> ABOUT THIS TASK: Repeat the listing exactly, line by line, and leave the pictures behind.

> DATASET EXTRACT:

------------

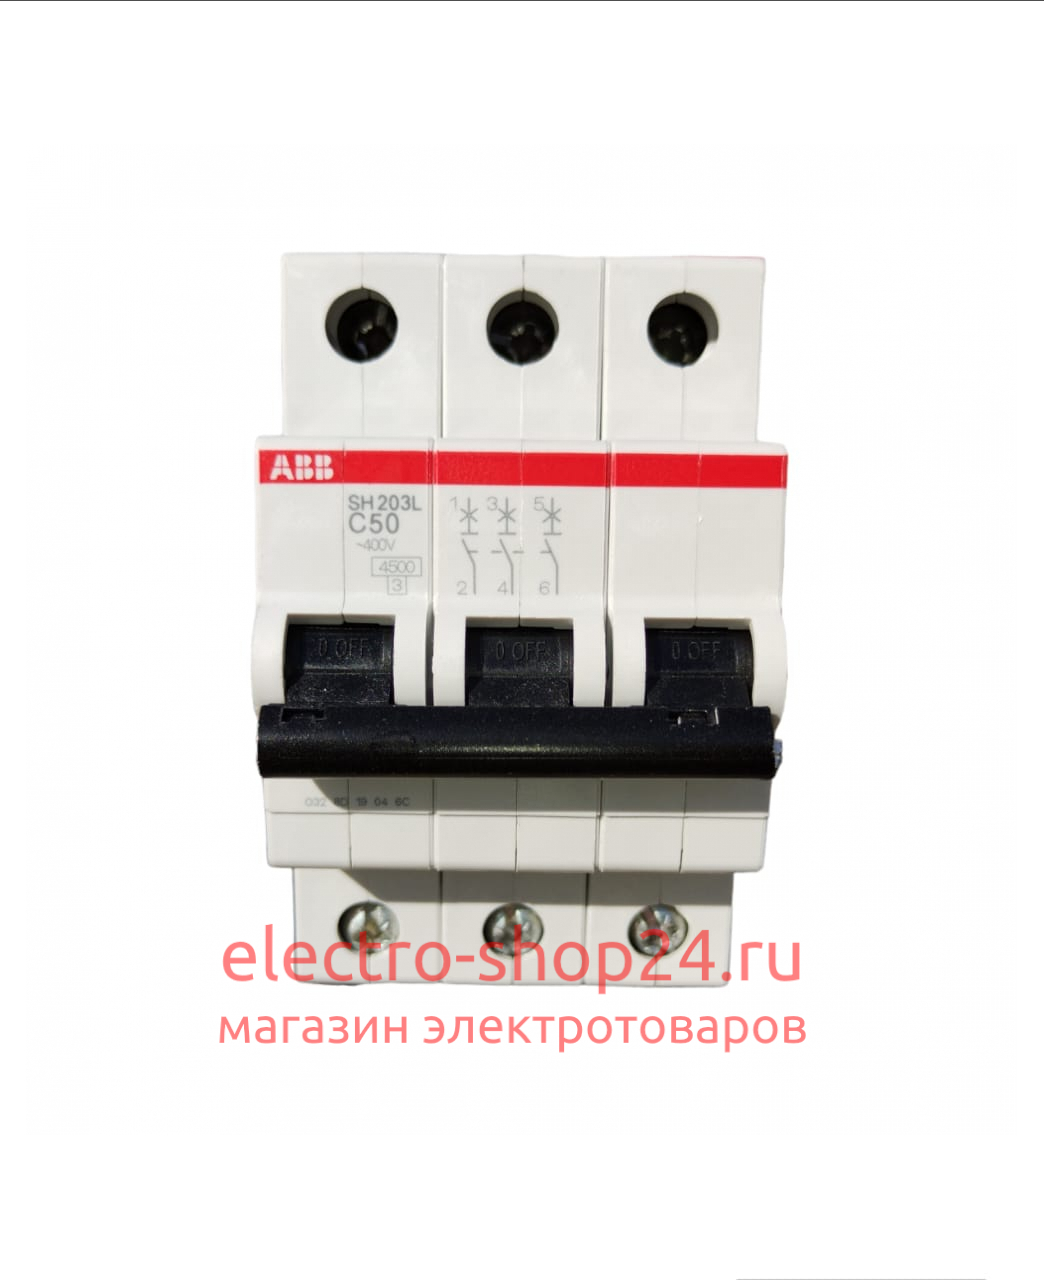 SH203L C50 Автоматический выключатель 3-полюсный 50А 4,5кА (хар-ка C) ABB 2CDS243001R0504 2CDS243001R0504 - магазин электротехники Electroshop
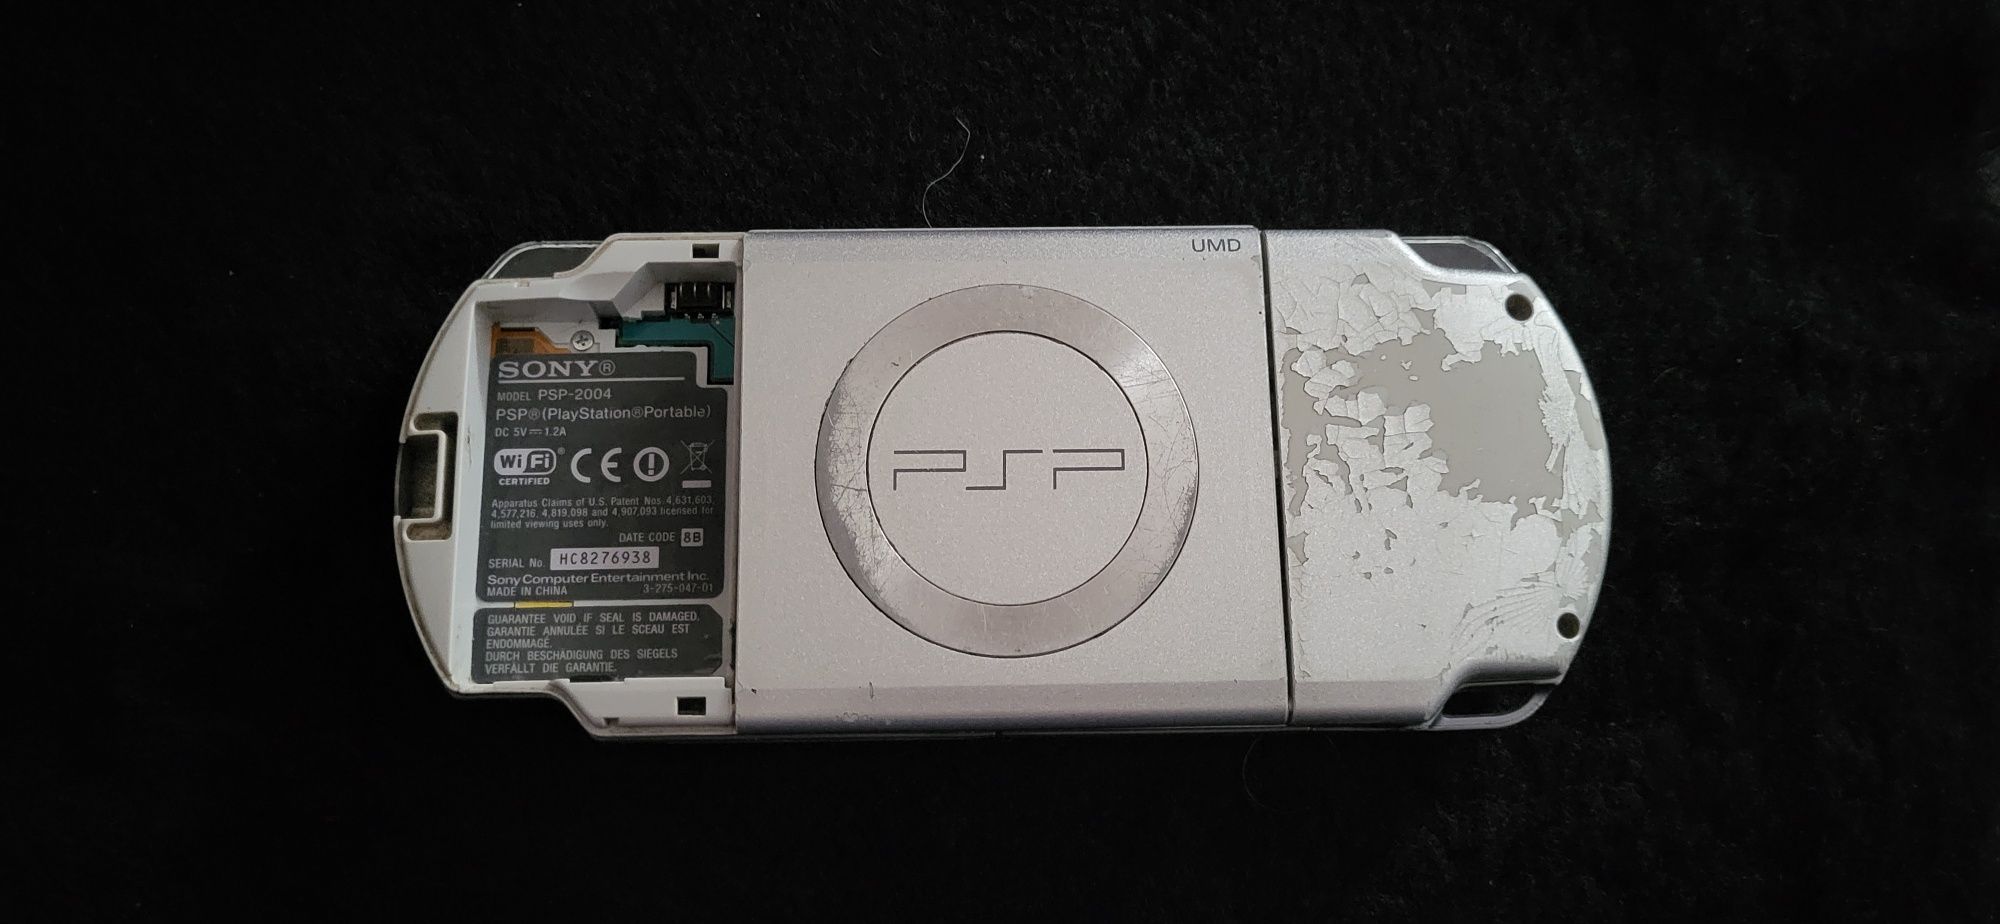 Psp 2004 Gri - PlayStation Portable
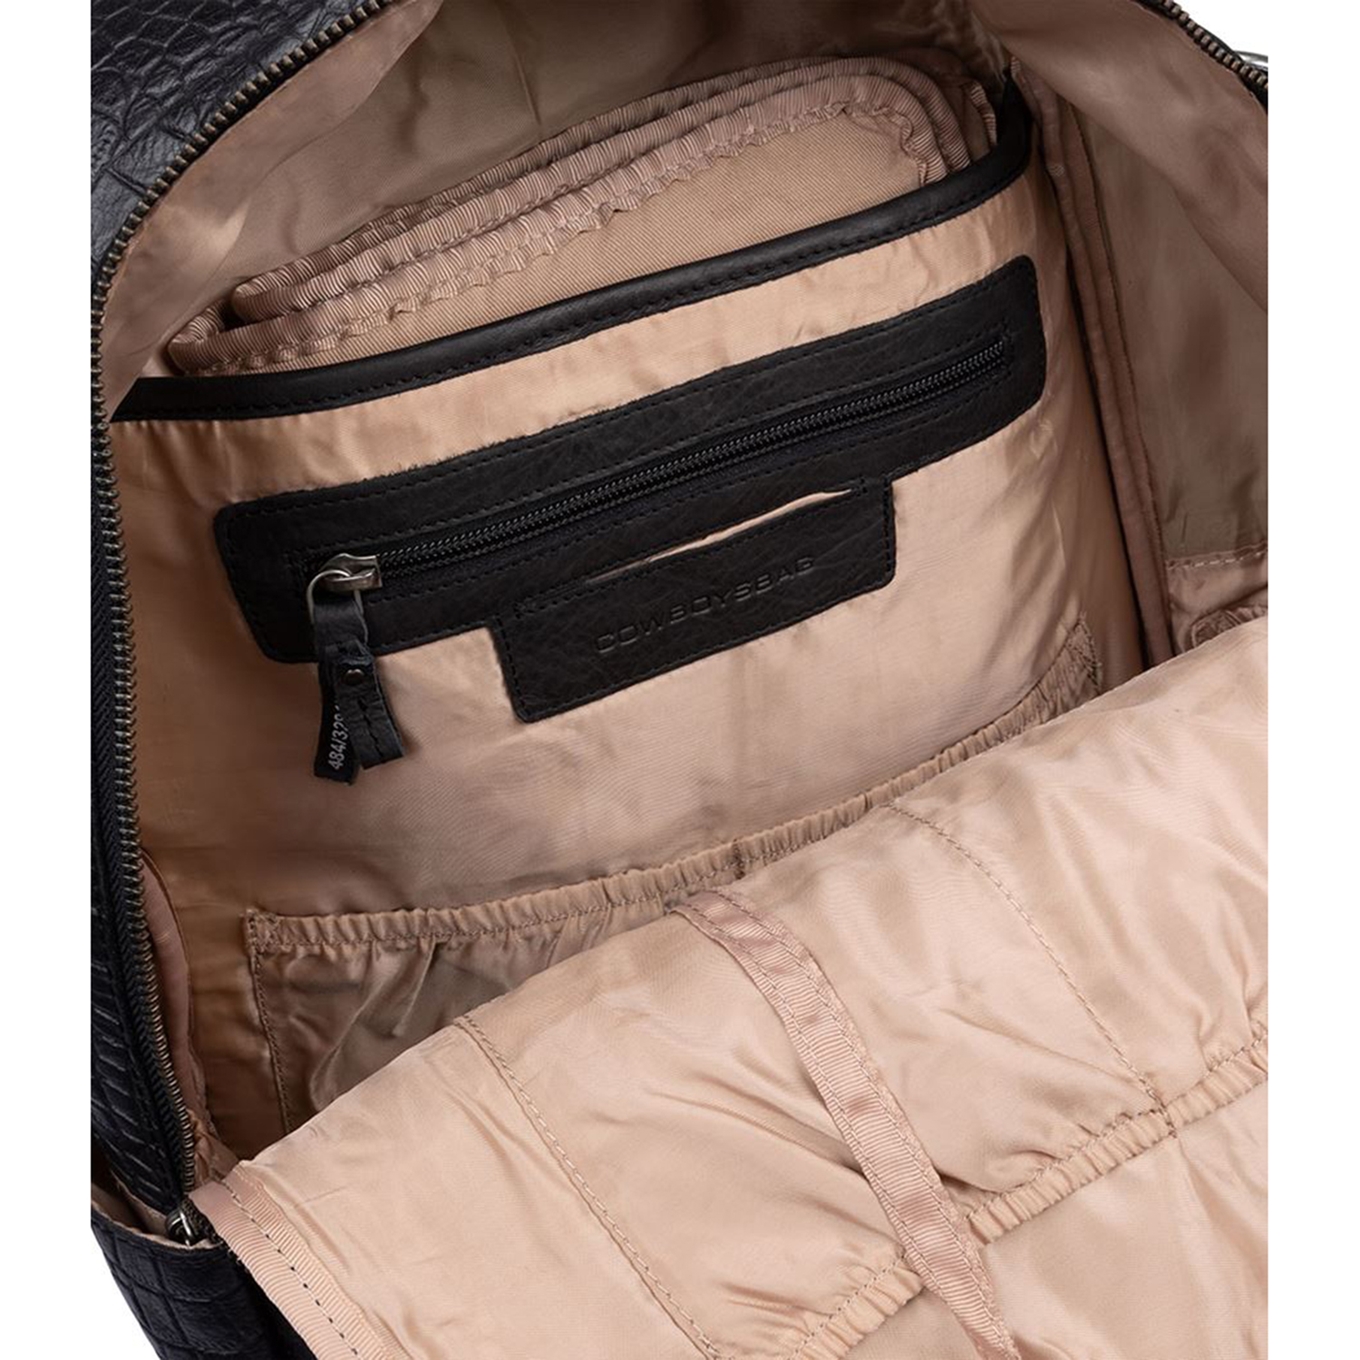 moord Verzending lawaai Cowboysbag Diaper Bag Huyton croco black | Travelbags.nl

------------

> RESPONSE TO THE TASK:
 SH203L C50 Автоматический выключатель 3-полюсный 50А 4,5кА (хар-ка C) ABB 2CDS243001R0504 2CDS243001R0504 - магазин электротехники Electroshop
 Psp 2004 Gri - PlayStation Portable
 moord Verzending lawaai Cowboysbag Diaper Bag Huyton croco black | Travelbags.nl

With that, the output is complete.